# Freezing Homemade Ravioli



## lyndalou (Oct 24, 2004)

Last weekend, I made ravioli using won ton wrappers for the pasta.  I made too many, so I froze some (uncooked) and  last night tried to cook them, along with some frozen ravioli from the supermarket.  They were a disaster.  Does anyone have an idea how I messed up?


----------



## kadesma (Oct 24, 2004)

Lynda, what happened ?  I make ravioli all the time but I don't use won ton wrappers.

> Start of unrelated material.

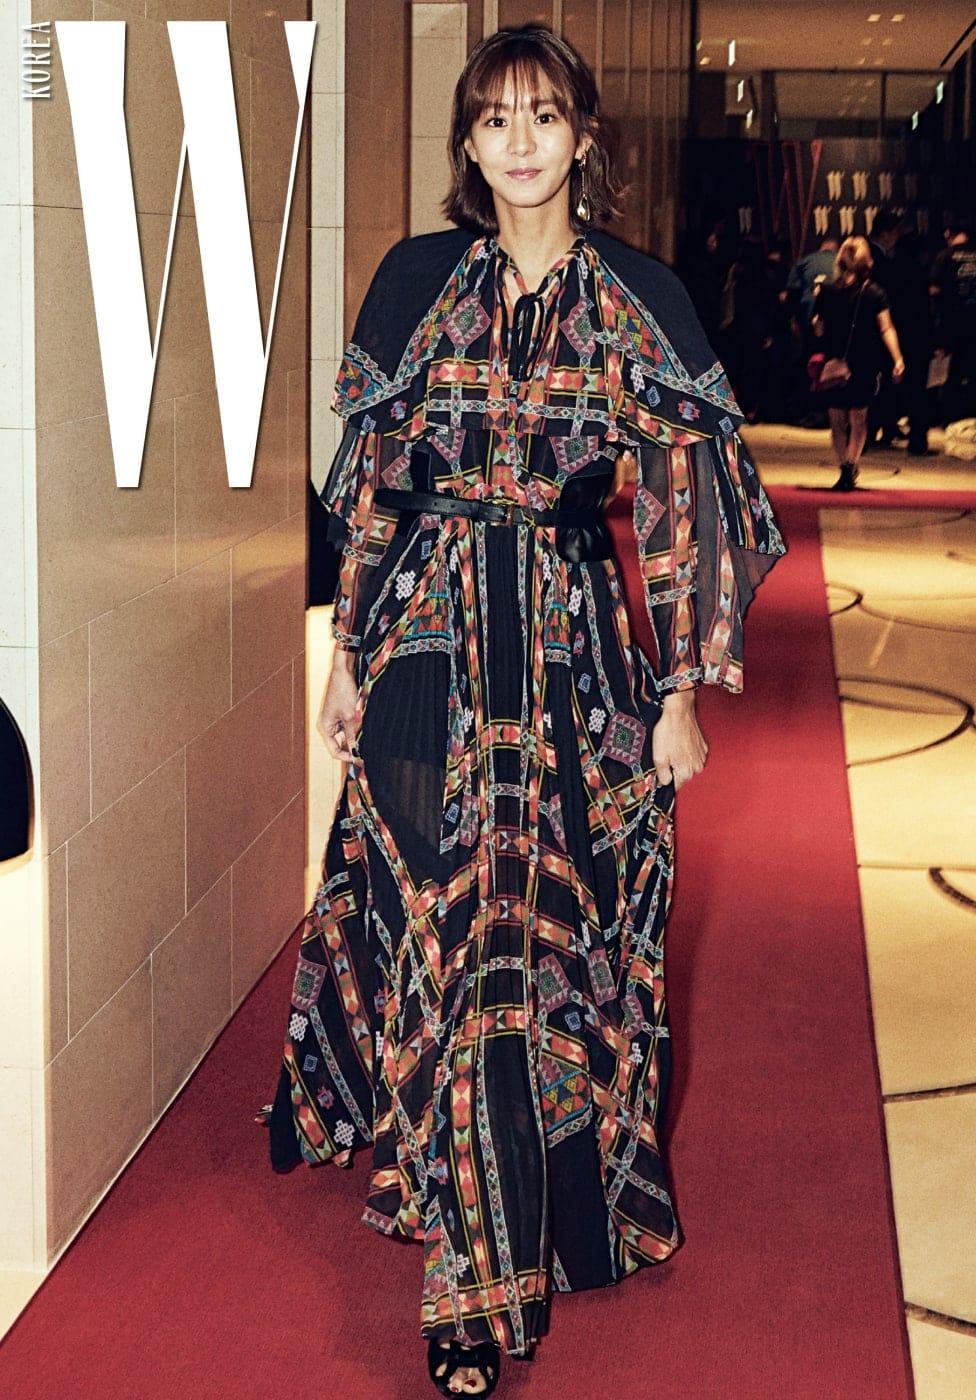 지난 9월 말에 마친 드라마 의 주인공 유이는 화려하고 이국적인 프린트의 드레스를 입고 레드카펫을 화사하게 밝혔다. 기하학적이고 에스닉한 컬러 도형 프린트의 드레스는 Etro 제품.

I use either homemade dough or purchased from an Italian deli. 
kadesma


----------



## Audeo (Oct 24, 2004)

Lyndalou (Ha!  Remembered the "Y"!), exactly how was it a disaster?  What happened?  Was it while cooking, or did something happen before that point???

(Inquiring minds want to know!)


----------



## lyndalou (Oct 24, 2004)

The frozen ravioli from the supermarket turned out well, but mine just sort of melted  and had no shape .  Thankfully, I had enough of the other for my guests, and they never knew I messed up.


Do you think I overcooked them?

Hey, Audeo thanks for remembering the spelling.  My parents thought this was unique, and maybe it was so many years ago.


----------



## Audeo (Oct 24, 2004)

You may have overcooked them.  I've never used wonton wrappers as ravioli pasta, but I can't imagine them just dissolving and falling apart...unless...

Darkstream gave me invaluable advice on cooking pastas in general and ravioli specifically in another thread.  And the one thing he stated about ravioli was NOT to cook in boiling water, but simmering.  His tips have made all the difference in the world for me, and my homemade pasta dough is a whole new wonderful animal these days.

As far as your "Y" is concerned...I bet Elf remembers, too!


----------